Justice Clarence Thomas concurred with the judgment, but he had a distinctly negative take on the Court’s handling of the individual mandate as a general matter.
“This Court has gone to great lengths to rescue the Act from its own text,” wrote Thomas. “So have the Act’s defenders, who argued in first instance that the individual coverage mandate is the Act’s linchpin, yet now, in an about-face, contend that it is just a throwaway sentence.” Thomas went on to point out that Justice Samuel Alito (one of the two dissenters in the opinion) is equally bothered by a shift in narrative that “transformed [the individual mandate] from the cornerstone of the law into a standalone provision.”
Allowing that “whatever the Act’s dubious history in this Court, we must assess the current suit on its own terms,” Thomas acquiesced that the lawsuit before the Court is simply not the right vehicle to successfully challenge the ACA.
Thomas ended his concurrence with a critical word for the majority with which he agreed: “Although this Court has erred twice before in cases involving the Affordable Care Act, it does not err today.”
Justice Alito’s lengthy dissent (in which Justice Neil Gorsuch joined) almost playfully refers to the case as “the third installment in our epic Affordable Care Act trilogy” — in which “the Court is presented with the daunting problem of a ‘tax’ that does not tax.”

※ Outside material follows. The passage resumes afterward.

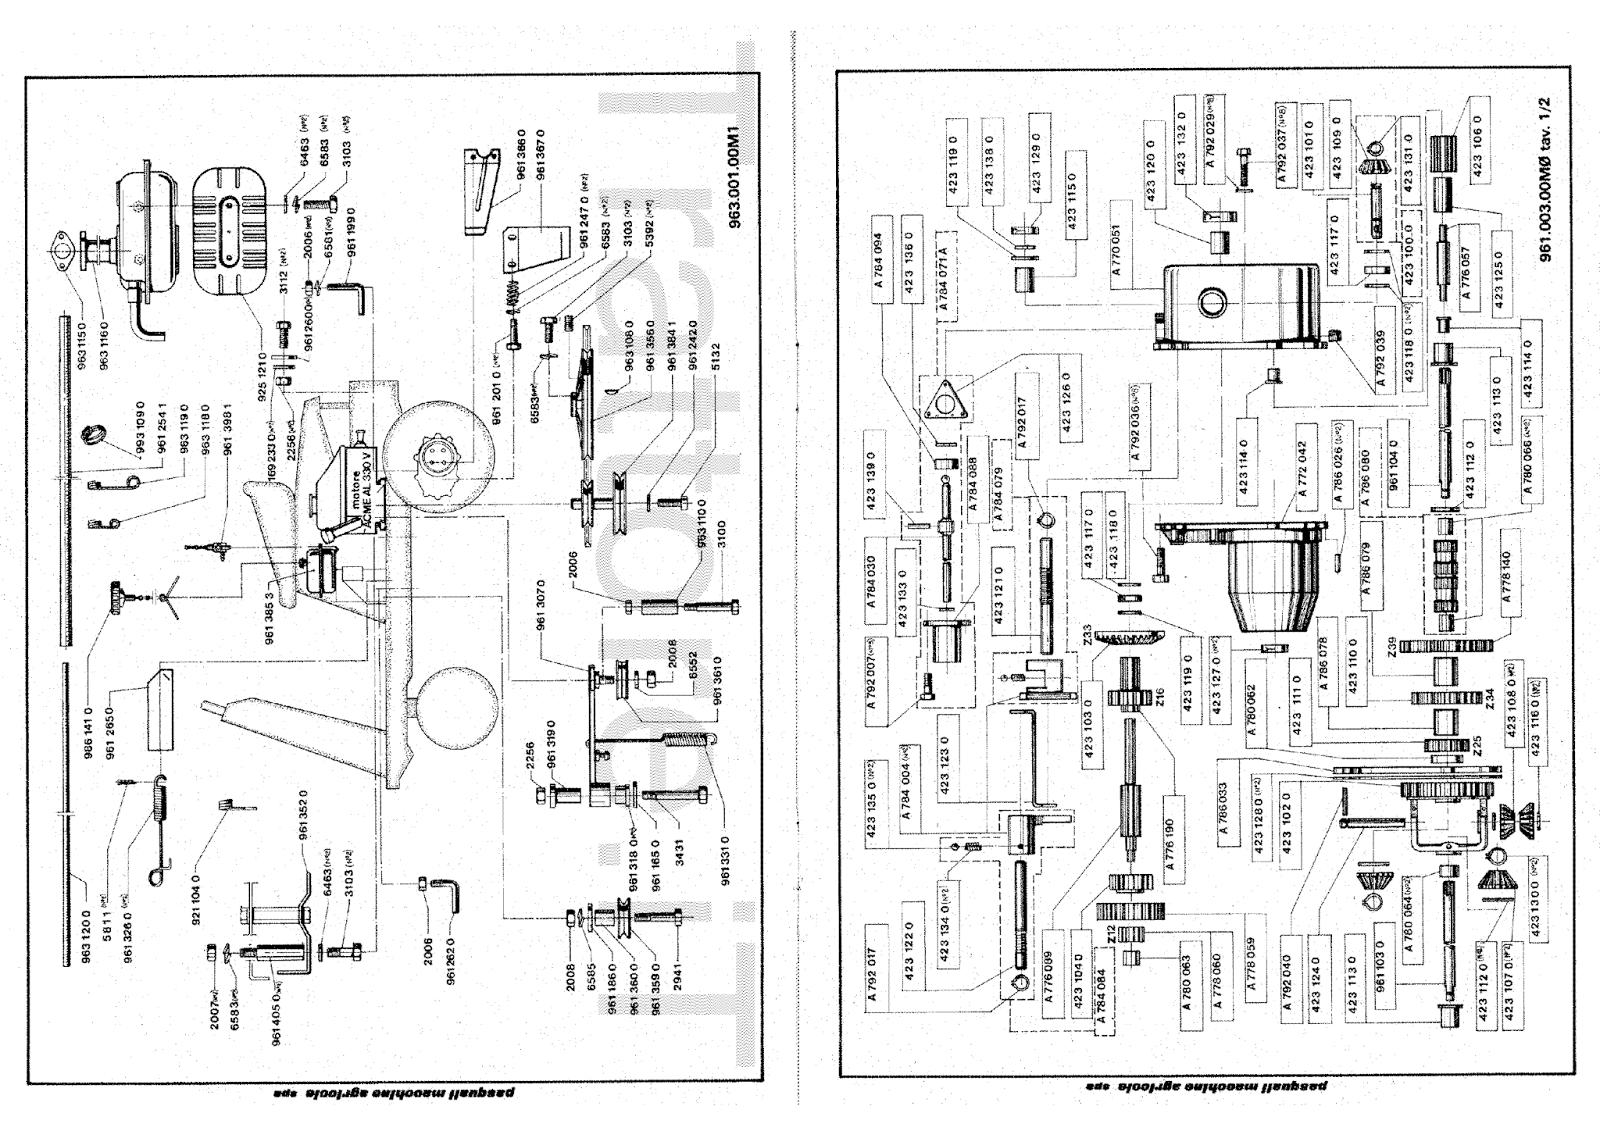 InfoTrattore.it: Gippina pasquali 963 CV 10 Manuale

Alito criticized the majority, writing that “[i]nstead of defending the constitutionality of the individual mandate, the Court simply ducks the issue and holds that none of the Act’s challengers, including the 18 States that think the Act saddles them with huge financial costs, is entitled to sue.”
Reasoning that “the ACA imposes many burdensome obligations on States in their capacity as employers” and that “[e]ven $1 in harm is enough to support standing,” Alito questions the consistency of the majority’s ruling.
Alito went on to note that in the recent past, states have been permitted to wage lawsuits over costs related to exemptions from contraceptive mandates or costs from environmental regulations — and that Texas and the other state plaintiffs in this case should have been allowed to do the same.
The high court’s ruling means that the ACA, including its individual mandate, will stay in full force and effect.